В литературе общепризнанным является деление форм реализации права по характеру правореализующих действий на следующие: 1) использование (реализация субъективного права - как своими действиями, так и через действия других лиц); 2) соблюдение (реализация юридического запрета, то есть юридической обязанности, состоящей в воздержании лица от совершения определенных действий); 3) исполнение (реализация юридической обязанности, состоящей в совершении активных действий); 4) применение («комплексная властная деятельность по реализации правовых норм, сочетающая в себе разные поведенческие акты»).
Стоит отметить, что в литературе встречается как подход, описывающий реализацию правовых норм (объективного права), так и утверждающий, что реализации подлежат лишь субъективные права, возникшие на их основании. Более распространен при этом первый из них. С формально-юридических позиций, однако, субъективные права или юридические обязанности возникают на основании норм права при наступлении определенных юридических фактов - следовательно, очевидно, что, реализуя субъективное право или юридическую обязанность, субъект тем самым реализует и «породившую» их норму. И наоборот: реализация нормы права, «породившей» субъективное право или юридическую обязанность, тем самым реализует и эти последние. Таким образом, невозможно «оторвать» субъективное право от породившей его нормы объективного права: реализуются они вместе.

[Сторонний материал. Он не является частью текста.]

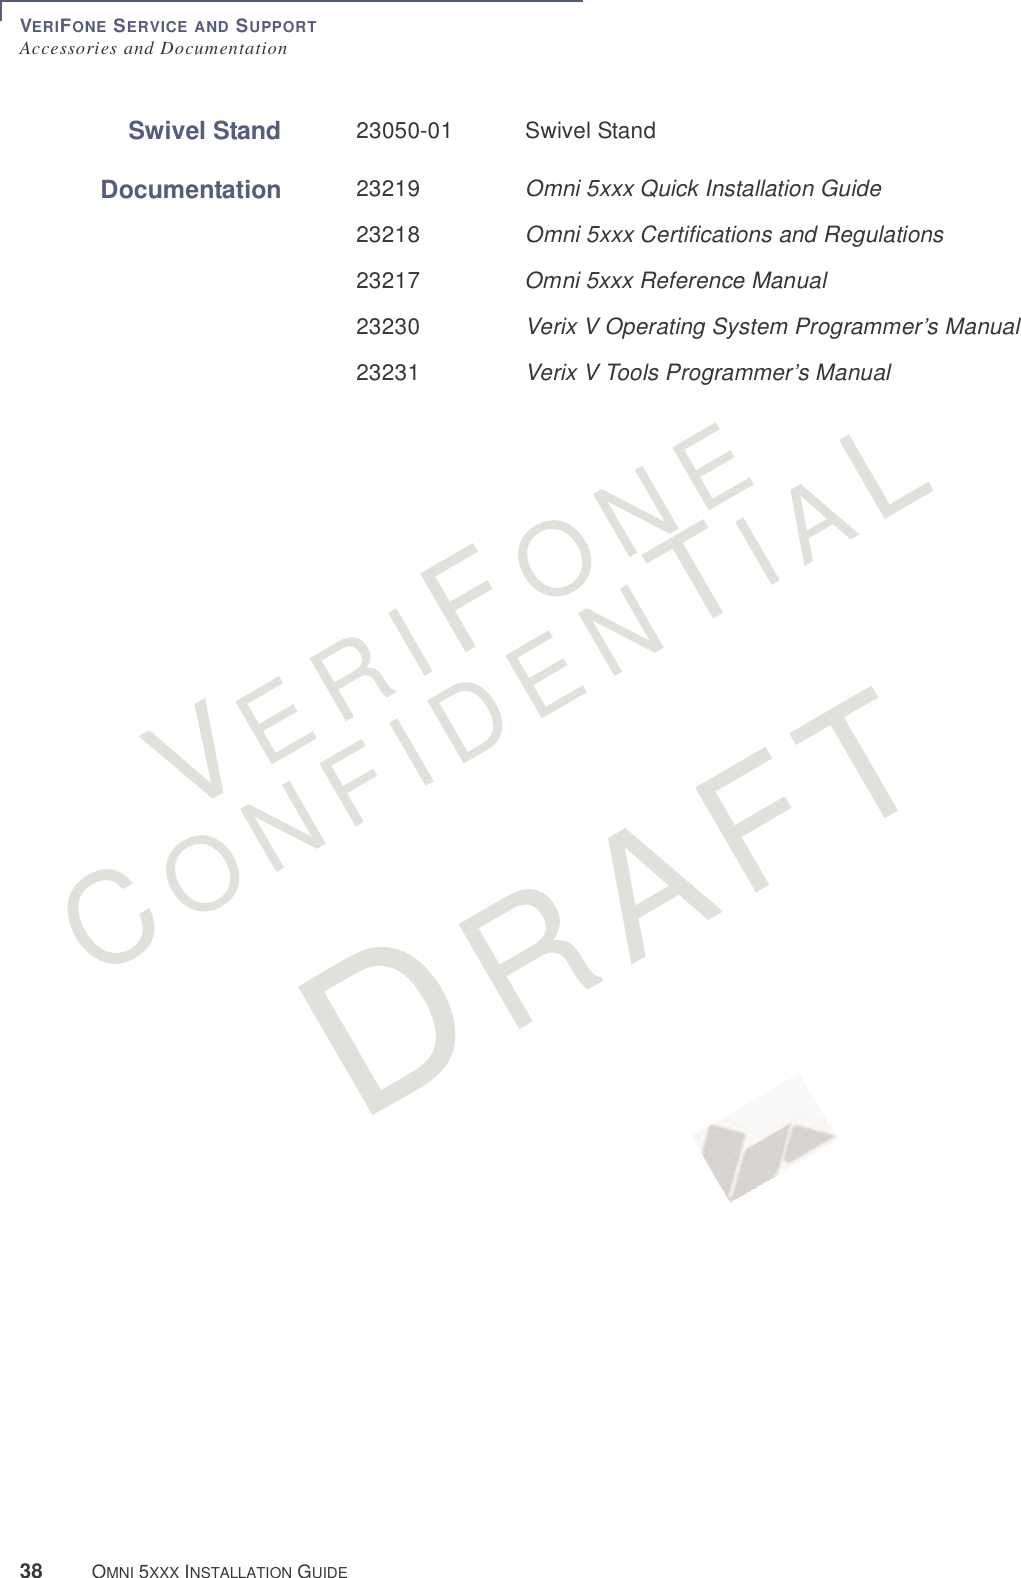 VERIFONE SERVICE AND SUPPORTAccessories and Documentation38 OMNI 5XXX INSTALLATION GUIDEVERIFONECONFIDENTIALRAFT Swivel Stand 23050-01 Swivel StandDocumentation 23219 Omni 5xxx Quick Installation Guide23218 Omni 5xxx Certifications and Regulations23217 Omni 5xxx Reference Manual23230 Verix V Operating System Programmer’s Manual23231 Verix V Tools Programmer’s Manual

Вернемся к поставленному выше вопросу: включается ли реализация права в понятие его действия? Или, иными словами, только то ли право действует, которое реализуется? Как отмечалось ранее, утвердительного ответа на этот вопрос придерживался С. С. Алексеев. Рассматривая действие права таким широким образом, получается, что право не действует во всех тех случаях, когда оно не реализуется. Мы, однако, не можем согласиться с этим выводом, и вот почему. Если исходить из посылки, принятой нами выше, что действие права представляет собой порождение им правоотношений, то реализация их содержания совершенно иррелеванта, поскольку имеет место уже после их возникновения и, более того, имеет такое возникновение своей необходимой предпосылкой. Следовательно, при формально-юридическом подходе действие права отнюдь не обязательно предполагает его реализацию.
Наша точка зрения также вполне допускает возможность неиспользования субъективного права в случае действия правовой нормы (объективного права): субъективные права (юридические обязанности) возникли - следовательно, право действует; их никто не использовал (не исполнял, не соблюдал) - следовательно, реализованы они не были. Резюмируем: действие права не предполагает его реализации.

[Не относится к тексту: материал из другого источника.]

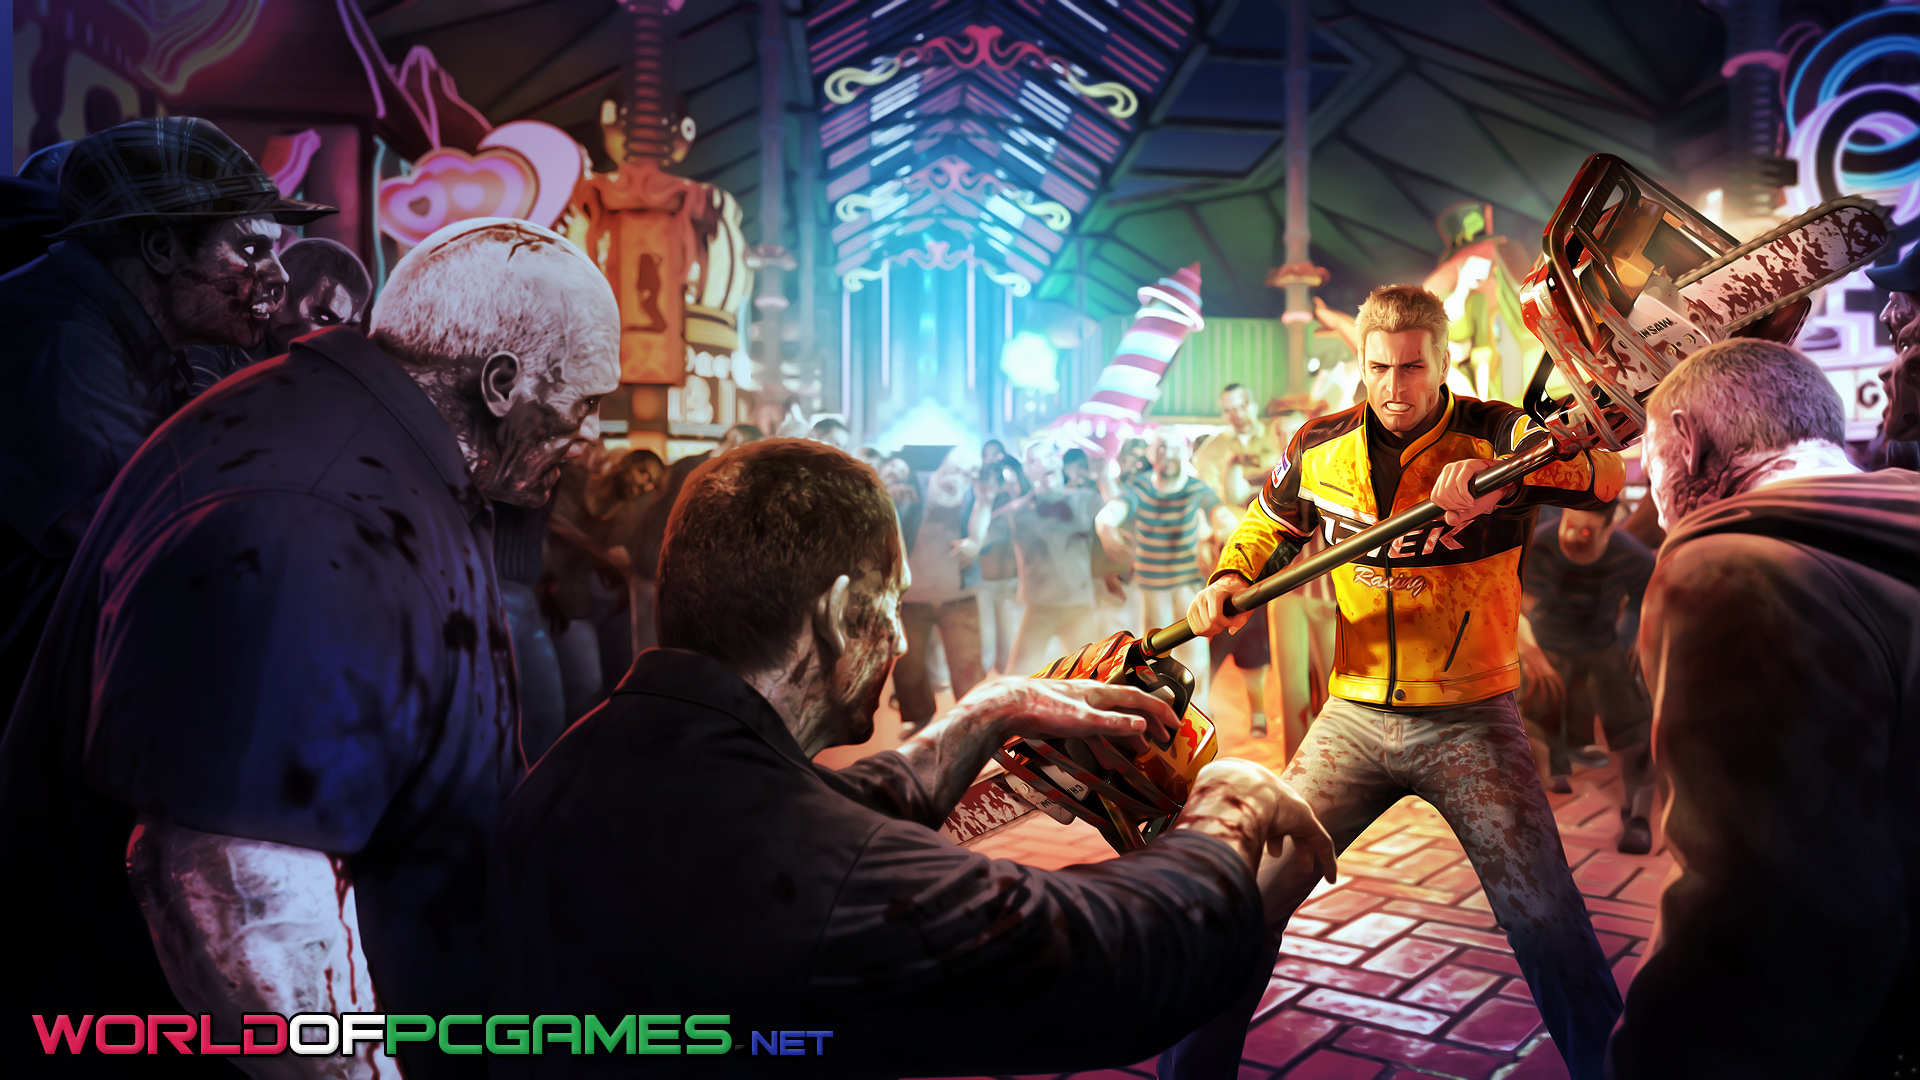 Dead Rising 2 Free Download By worldof-pcgames.net

Выше указывалось, что одной из форм реализации права, рассматриваемой как реализация именно норм права, является применение права. Правоприменение в литературе определяется по-разному, но по существу во всех случаях довольно сходно. Приведем определение С.С. Алексеева: правоприменение - это «властная индивидуально-правовая деятельность, которая направлена на разрешение юридических дел и в результате которой в ткань правовой системы включаются новые элементы - индивидуальные предписания».
Коль скоро эта деятельность - властная, возникает вопрос: является ли разрешение дела в порядке арбитража применением права? Ответ на него зависит от решения проблемы правовой природы арбитража. Теорий, объясняющих его правовую природу, как минимум три: 1) процессуальная (юрисдикционная); 2) материальная (договорная); 3) смешанная (гибридная). Из этих теорий «наиболее реалистичной» является смешанная, постулирующая сочетание в феномене арбитража некоторых материально-правовых и процессуально-правовых элементов. Отмечается, что этот - смешанный - подход, будучи распространенным также и на арбитражные соглашения, «в наибольшей степени отражает практику, которой следуют арбитры и суды именно такой подход является наиболее современным и правильным по своей сути». В рамках юрисдикционной теории совершенно очевидно, что арбитраж, будучи юрисдикционным учреждением, производным от государственной власти, осуществляет правоприменение.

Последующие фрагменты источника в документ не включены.